%%

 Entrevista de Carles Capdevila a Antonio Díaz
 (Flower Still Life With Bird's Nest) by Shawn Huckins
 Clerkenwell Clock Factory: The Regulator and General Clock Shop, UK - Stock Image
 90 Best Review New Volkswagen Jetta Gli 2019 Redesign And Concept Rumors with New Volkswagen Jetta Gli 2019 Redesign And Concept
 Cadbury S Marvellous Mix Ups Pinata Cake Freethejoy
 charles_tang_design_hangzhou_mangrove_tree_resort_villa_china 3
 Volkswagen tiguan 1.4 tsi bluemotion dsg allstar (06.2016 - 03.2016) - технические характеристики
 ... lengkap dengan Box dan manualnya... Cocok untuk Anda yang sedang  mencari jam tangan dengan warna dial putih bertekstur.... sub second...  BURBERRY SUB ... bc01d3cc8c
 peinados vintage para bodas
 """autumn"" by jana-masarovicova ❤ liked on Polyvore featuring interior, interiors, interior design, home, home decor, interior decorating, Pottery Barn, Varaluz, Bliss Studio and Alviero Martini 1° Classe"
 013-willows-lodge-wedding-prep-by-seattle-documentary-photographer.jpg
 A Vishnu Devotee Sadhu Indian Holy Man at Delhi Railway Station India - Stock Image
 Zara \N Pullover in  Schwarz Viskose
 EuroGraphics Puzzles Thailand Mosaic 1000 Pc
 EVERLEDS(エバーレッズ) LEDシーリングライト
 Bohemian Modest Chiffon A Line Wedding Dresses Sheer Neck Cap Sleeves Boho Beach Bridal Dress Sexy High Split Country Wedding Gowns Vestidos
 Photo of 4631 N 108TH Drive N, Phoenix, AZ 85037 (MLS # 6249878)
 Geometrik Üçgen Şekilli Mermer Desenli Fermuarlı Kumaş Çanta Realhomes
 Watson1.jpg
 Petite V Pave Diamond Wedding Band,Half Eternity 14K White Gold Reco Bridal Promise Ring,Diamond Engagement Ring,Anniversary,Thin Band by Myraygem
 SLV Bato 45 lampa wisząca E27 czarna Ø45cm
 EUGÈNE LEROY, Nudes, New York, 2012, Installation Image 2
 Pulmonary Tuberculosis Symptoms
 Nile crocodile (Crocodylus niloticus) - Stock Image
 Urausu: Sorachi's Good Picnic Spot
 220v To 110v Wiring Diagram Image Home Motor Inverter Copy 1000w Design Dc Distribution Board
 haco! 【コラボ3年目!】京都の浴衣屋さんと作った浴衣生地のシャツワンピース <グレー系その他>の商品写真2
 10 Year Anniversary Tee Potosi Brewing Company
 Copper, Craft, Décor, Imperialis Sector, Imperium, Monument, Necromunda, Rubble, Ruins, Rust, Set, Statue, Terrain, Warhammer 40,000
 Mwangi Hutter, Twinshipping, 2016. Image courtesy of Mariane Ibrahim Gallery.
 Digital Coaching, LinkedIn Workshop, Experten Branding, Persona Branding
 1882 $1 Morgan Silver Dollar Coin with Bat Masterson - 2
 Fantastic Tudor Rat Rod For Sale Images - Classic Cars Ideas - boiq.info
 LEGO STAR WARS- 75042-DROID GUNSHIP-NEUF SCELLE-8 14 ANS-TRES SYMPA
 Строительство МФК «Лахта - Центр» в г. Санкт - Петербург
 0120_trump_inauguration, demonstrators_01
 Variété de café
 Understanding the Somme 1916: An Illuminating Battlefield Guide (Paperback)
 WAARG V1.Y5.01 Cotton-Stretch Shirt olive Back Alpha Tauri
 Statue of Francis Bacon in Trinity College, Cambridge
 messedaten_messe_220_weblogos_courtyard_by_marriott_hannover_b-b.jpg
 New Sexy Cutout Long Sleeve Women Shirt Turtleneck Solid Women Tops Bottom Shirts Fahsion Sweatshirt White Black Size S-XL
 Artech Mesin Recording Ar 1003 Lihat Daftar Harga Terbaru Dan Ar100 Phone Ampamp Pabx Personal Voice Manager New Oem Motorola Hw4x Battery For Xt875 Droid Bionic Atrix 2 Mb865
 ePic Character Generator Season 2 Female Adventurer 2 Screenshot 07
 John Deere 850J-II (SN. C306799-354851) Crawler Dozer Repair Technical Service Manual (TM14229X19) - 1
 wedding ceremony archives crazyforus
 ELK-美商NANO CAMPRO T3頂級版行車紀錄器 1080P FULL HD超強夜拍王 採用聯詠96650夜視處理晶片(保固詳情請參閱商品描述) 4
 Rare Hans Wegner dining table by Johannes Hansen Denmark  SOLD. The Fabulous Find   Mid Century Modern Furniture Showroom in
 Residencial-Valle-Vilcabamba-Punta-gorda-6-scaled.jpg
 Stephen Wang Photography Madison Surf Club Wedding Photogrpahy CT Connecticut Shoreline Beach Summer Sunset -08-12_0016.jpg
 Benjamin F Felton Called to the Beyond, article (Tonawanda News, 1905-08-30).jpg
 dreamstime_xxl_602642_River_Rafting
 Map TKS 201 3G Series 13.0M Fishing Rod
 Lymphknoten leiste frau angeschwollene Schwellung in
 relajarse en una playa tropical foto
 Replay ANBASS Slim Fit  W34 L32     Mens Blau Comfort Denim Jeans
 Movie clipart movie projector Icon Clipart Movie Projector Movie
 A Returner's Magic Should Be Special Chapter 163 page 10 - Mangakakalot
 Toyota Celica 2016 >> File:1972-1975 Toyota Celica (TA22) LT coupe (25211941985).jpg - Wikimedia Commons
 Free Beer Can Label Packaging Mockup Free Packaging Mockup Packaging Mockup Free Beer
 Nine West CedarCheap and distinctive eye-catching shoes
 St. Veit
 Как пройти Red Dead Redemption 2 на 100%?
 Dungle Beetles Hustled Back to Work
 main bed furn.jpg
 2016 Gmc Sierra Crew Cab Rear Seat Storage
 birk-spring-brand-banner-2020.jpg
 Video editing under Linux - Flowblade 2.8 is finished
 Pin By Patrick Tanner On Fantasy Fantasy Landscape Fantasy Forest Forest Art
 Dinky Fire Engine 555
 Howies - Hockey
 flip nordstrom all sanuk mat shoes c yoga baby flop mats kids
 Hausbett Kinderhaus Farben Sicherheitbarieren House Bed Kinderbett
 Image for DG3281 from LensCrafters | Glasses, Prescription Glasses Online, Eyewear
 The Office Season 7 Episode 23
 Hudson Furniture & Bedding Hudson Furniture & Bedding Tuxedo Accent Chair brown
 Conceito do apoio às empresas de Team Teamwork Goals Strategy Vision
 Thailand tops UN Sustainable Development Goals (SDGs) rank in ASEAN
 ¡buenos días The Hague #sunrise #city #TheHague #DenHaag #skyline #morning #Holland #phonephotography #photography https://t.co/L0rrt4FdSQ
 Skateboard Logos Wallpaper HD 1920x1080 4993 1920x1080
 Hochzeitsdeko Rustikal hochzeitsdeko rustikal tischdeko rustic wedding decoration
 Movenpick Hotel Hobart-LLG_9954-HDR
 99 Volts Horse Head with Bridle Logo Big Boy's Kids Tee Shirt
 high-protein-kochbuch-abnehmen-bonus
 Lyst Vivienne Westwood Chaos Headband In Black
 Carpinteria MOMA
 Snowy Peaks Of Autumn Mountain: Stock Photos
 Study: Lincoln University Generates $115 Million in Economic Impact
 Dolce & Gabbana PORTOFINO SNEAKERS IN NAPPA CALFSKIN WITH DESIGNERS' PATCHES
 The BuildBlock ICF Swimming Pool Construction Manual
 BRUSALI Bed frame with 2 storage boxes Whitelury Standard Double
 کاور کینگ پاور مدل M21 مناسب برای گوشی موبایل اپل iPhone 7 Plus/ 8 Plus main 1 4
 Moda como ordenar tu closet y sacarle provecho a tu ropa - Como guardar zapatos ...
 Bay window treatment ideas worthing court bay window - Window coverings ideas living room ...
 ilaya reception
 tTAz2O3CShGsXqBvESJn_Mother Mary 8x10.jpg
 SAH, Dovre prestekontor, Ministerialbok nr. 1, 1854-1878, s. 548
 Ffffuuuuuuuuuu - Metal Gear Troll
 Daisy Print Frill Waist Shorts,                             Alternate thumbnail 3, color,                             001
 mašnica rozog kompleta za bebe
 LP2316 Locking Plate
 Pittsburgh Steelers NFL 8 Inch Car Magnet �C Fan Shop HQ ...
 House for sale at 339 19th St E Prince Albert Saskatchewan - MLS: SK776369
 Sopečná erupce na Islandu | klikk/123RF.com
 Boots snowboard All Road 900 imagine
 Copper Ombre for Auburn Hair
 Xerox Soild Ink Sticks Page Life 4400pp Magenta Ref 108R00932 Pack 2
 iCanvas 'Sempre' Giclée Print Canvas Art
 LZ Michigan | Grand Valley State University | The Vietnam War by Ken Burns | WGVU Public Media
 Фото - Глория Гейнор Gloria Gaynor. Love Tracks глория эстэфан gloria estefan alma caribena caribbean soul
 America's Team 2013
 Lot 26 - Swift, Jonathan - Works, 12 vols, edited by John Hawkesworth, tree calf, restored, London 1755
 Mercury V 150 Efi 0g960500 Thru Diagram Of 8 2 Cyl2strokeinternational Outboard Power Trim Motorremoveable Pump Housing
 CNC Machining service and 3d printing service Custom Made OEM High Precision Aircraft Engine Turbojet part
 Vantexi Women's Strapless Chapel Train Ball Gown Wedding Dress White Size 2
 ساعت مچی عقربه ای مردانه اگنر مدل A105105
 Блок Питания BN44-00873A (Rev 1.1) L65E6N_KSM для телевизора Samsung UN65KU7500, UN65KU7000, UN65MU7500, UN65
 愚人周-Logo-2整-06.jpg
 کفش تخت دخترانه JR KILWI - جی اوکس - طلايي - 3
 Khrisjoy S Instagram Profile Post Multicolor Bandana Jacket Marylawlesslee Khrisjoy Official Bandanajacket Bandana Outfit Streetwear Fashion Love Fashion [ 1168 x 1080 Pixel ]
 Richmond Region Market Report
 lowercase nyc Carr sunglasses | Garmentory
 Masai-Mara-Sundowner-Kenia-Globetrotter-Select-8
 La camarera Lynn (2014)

%%

__TASK TO CARRY OUT__.
Repeat exactly the lines of the listing from its first line through the line that holds "Volkswagen tiguan 1.4". Nothing else should appear.

__YOUR RESPONSE__.
 Entrevista de Carles Capdevila a Antonio Díaz
 (Flower Still Life With Bird's Nest) by Shawn Huckins
 Clerkenwell Clock Factory: The Regulator and General Clock Shop, UK - Stock Image
 90 Best Review New Volkswagen Jetta Gli 2019 Redesign And Concept Rumors with New Volkswagen Jetta Gli 2019 Redesign And Concept
 Cadbury S Marvellous Mix Ups Pinata Cake Freethejoy
 charles_tang_design_hangzhou_mangrove_tree_resort_villa_china 3
 Volkswagen tiguan 1.4 tsi bluemotion dsg allstar (06.2016 - 03.2016) - технические характеристики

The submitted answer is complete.